Nu zullen de meeste verspreiders van onbetrouwbare informatie wel bewijs aanleveren. Gelet op het sterk antiautoritaire imago dat velen zich aanmeten zou het maar vreemd zijn om iets te poneren “omdat ik het zeg”. Factcheckers en sceptici worden vaak aangesproken om de betrouwbaarheid van dat bewijsmateriaal na te gaan. Ik alludeerde eerder al op de onmogelijkheid om alles na te gaan. Er zijn maar 24 uren in een dag en zelfs de meest gemotiveerde checker kan soms even geen artikels of foto’s meer zien. Ter illustratie: de zoekterm ‘COVID-19’ levert op de grootste zoekmachine voor peer-reviewed medisch-wetenschappelijke artikels maar liefst 272219 hits op. Die kunnen simpelweg niet allemaal van hoge kwaliteit zijn. Het is evident onmogelijk om zelfs maar één honderdste van al die artikels te lezen.

B’s en Bayes

Daarom wil ik graag een vuistregel naar voren schuiven. Ik noem die de vier B’s: BBBB. Dat is geen hip nieuw fitnessprogramma voor de zomer, maar “Buitengewone bewering? Buitengewoon bewijs!”. Een variant in het Engels wordt toegeschreven aan de in 1996 overleden kosmoloog en wetenschapspopularisator Carl Sagan, maar de gedachte gaat al minstens terug tot verschillende denkers uit de 18e en 19e eeuw. Een verwant denkbeeld wordt ontleend aan de 18e-eeuwse Britse predikant en wiskundige Thomas Bayes. Hoewel diens eigenlijke wiskundige en statistische technieken behoorlijk ingewikkeld zijn, is een bayesiaanse aanpak in brede zin relatief eenvoudig. Dat betekent dat je in het toetsen van een bewering en een bewijsvoering ook meeneemt hoe waarschijnlijk de uitkomst überhaupt is. Dat doe je op basis van eerder beschikbare informatie. Dat klinkt misschien wat abstract.

Bijvoorbeeld..

Een typisch voorbeeld uit de medische wereld is dat zelfs de beste diagnostische test waardeloos wordt wanneer je ze ongericht op grote groepen mensen uitvoert met een heel lage kans om de ziekte eigenlijk te hebben. De kans op valspositieven is dan veel groter dan de kans op echt-positieven, omdat die laatste nu eenmaal zo zeldzaam zijn en geen enkele diagnostische test 100% perfect is.

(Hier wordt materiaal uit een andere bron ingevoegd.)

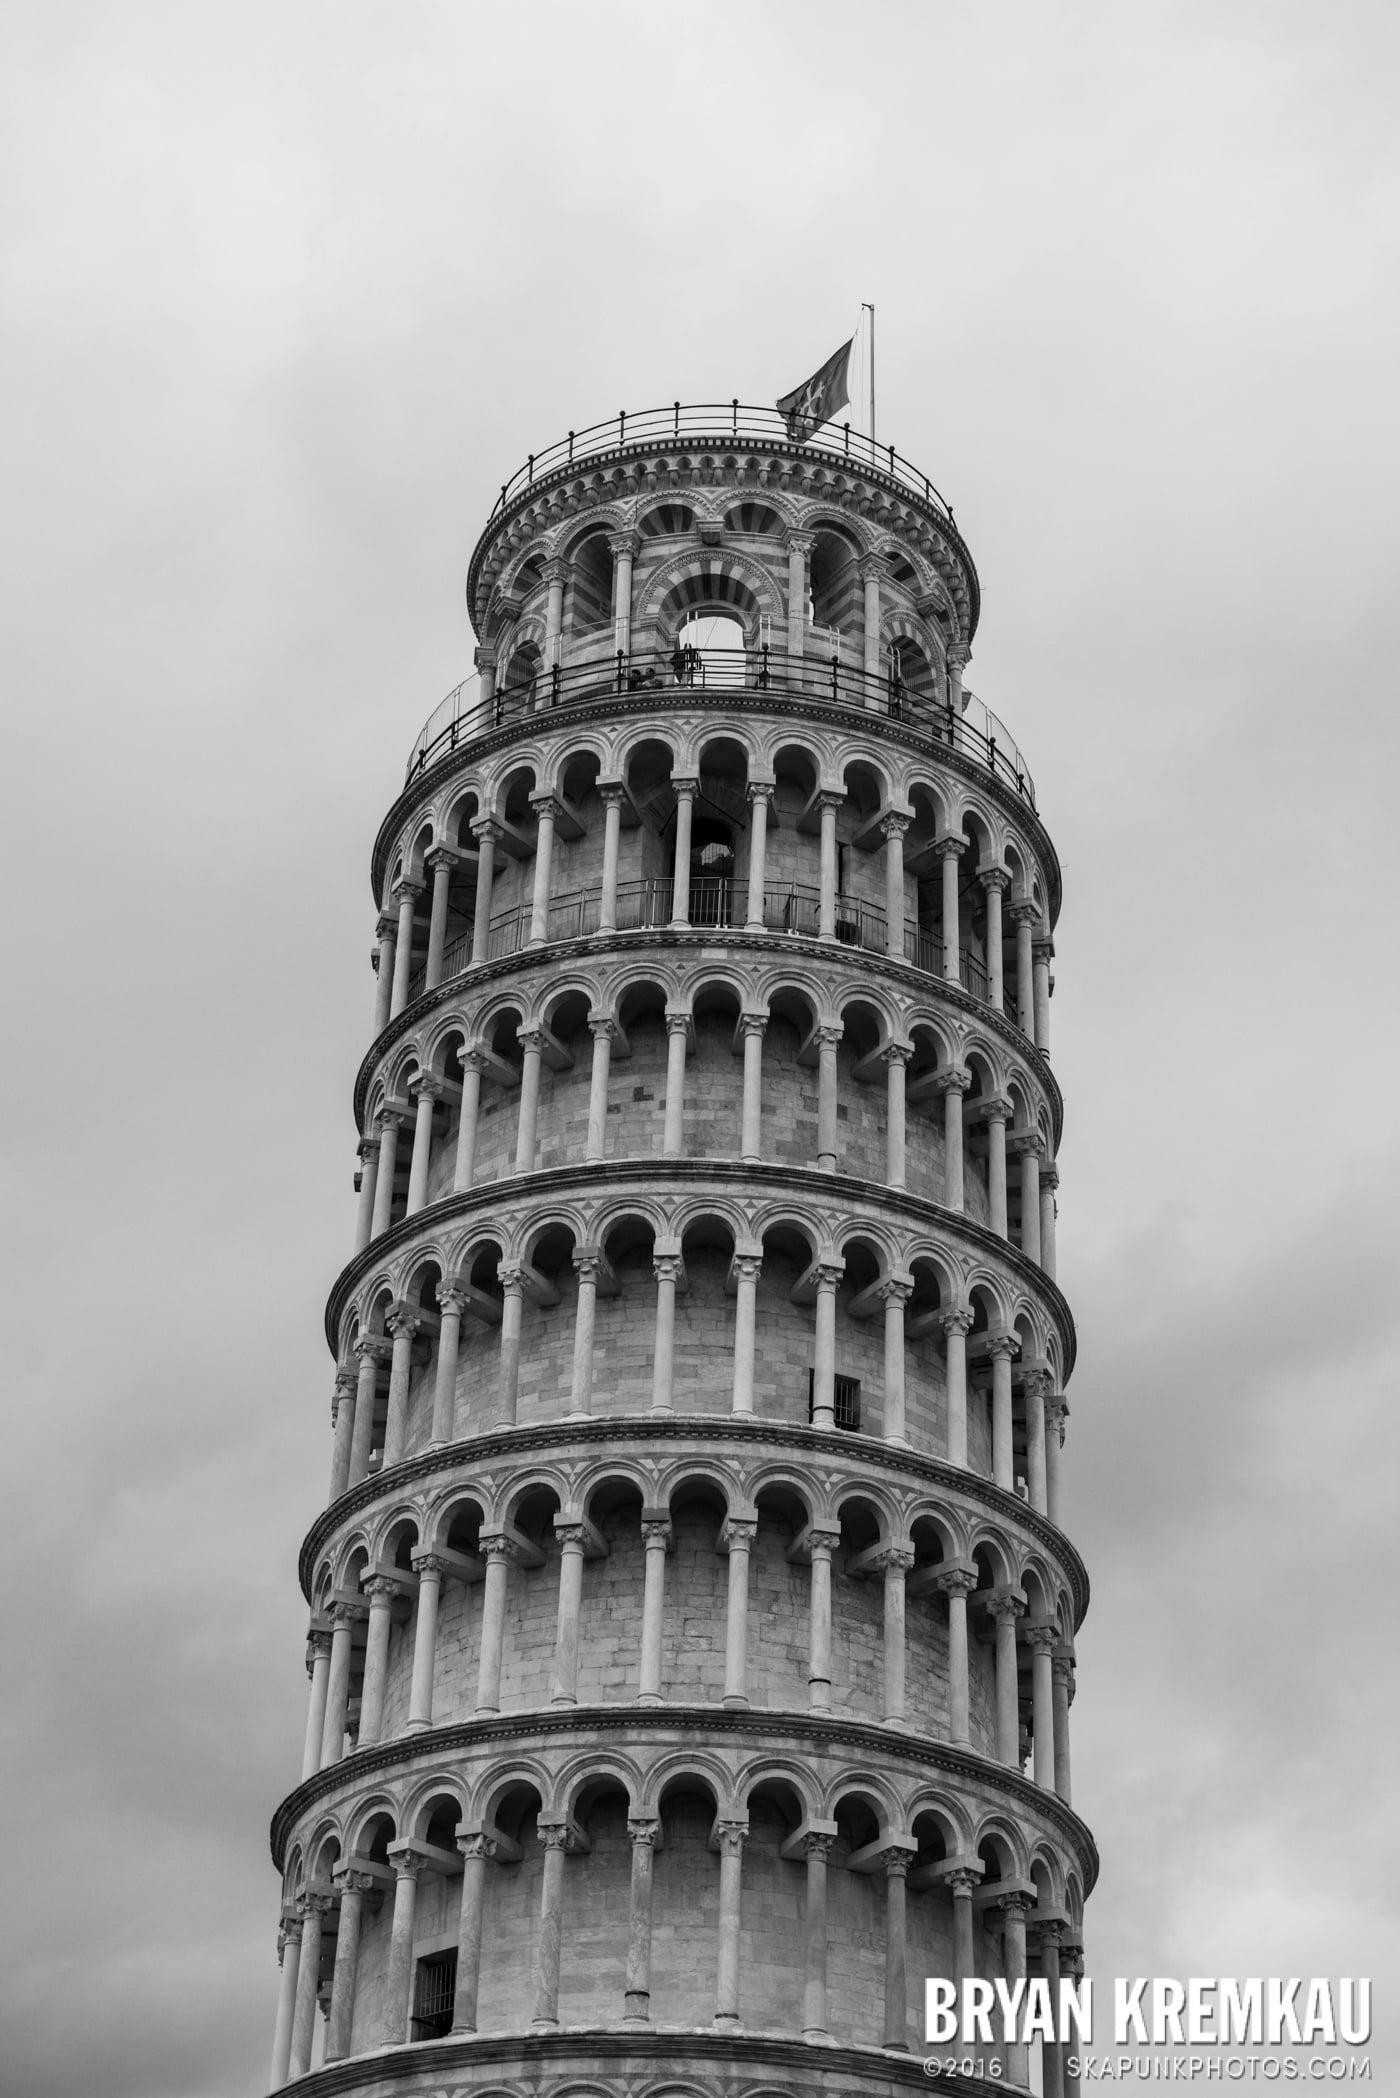 Italy Vacation - Day 8: Siena, San Gimignano, Chianti, Pisa - 9.16.13 (30)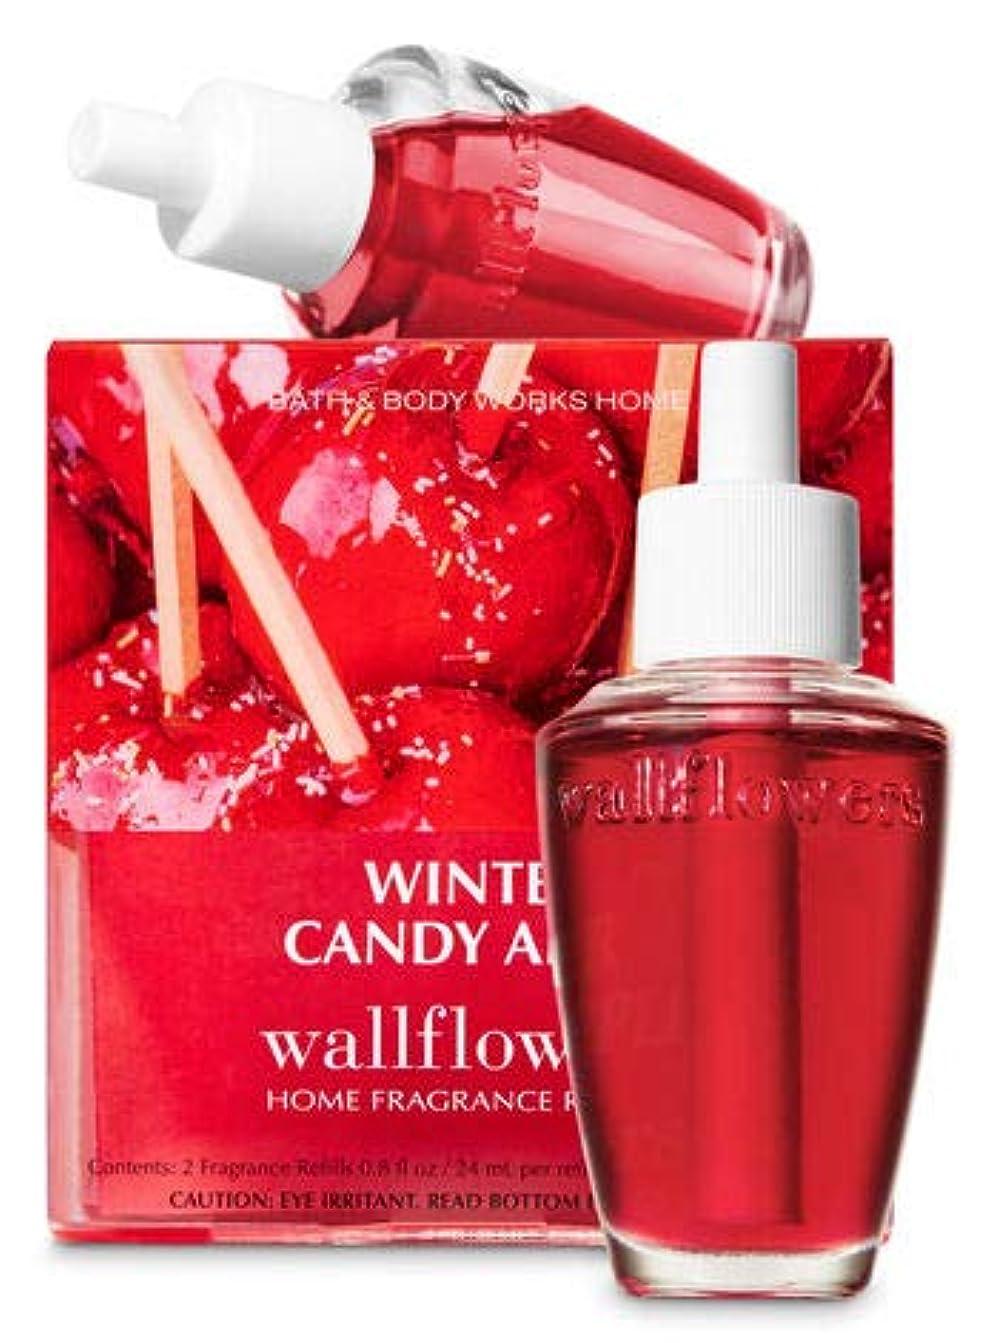 不透明な過剰討論Bath & Body Works(バス&ボディワークス)ウインターキャンディアップル ホームフレグランス レフィル2本セット(本体は別売りです)Wallflowers 2 Pack Refill (並行輸入品)

We kunnen deze insteek ook toepassen op, bijvoorbeeld, de homeopathie. Die leer stelt dat symptomen worden verlicht door het toedienen van een stof die bij gezonde vrijwilligers dezelfde symptomen oproept. Dat klopt niet, maar is nog niet totaal van de pot gerukt. De tweede kernregel van de homeopathie is echter dat zo’n middel versterkt wordt door het te verdunnen en te schudden. Met andere woorden: hoe minder suiker in je koffie, hoe zoeter die wordt. Bovendien gaat het om astronomische verdunningen die zo extreem zijn dat er aantoonbaar niet één molecule van de oorspronkelijke stof meer in het homeopathisch eindproduct zit. Dat is werkelijk knotsgek. Moest dat waar zijn, kunnen we de hele fysica, scheikunde, farmacologie, en nog tientallen andere vakgebieden in de vuilbak kieperen. Gelet op de verklarende kracht van al die wetenschappen is dat bijzonder, bijzonder, bijzonder onwaarschijnlijk. Wanneer je dan weet dat geen enkele medische studie naar effectiviteit van een geneesmiddel volledig perfect is, kun je induceren dat de kans op een werkelijk positieve uitkomst van die studie zo ongelooflijk klein is, dat een positief resultaat van die studie vrijwel zeker wijst op een vals positieve uitslag. Gelet op het beperkt aantal uren en euro’s in een mensenleven steken we dus beter geen tijd in het formeel wetenschappelijk onderzoeken van pistes die a priori extreem onwaarschijnlijk zijn. Of toch zeker niet herhaaldelijk.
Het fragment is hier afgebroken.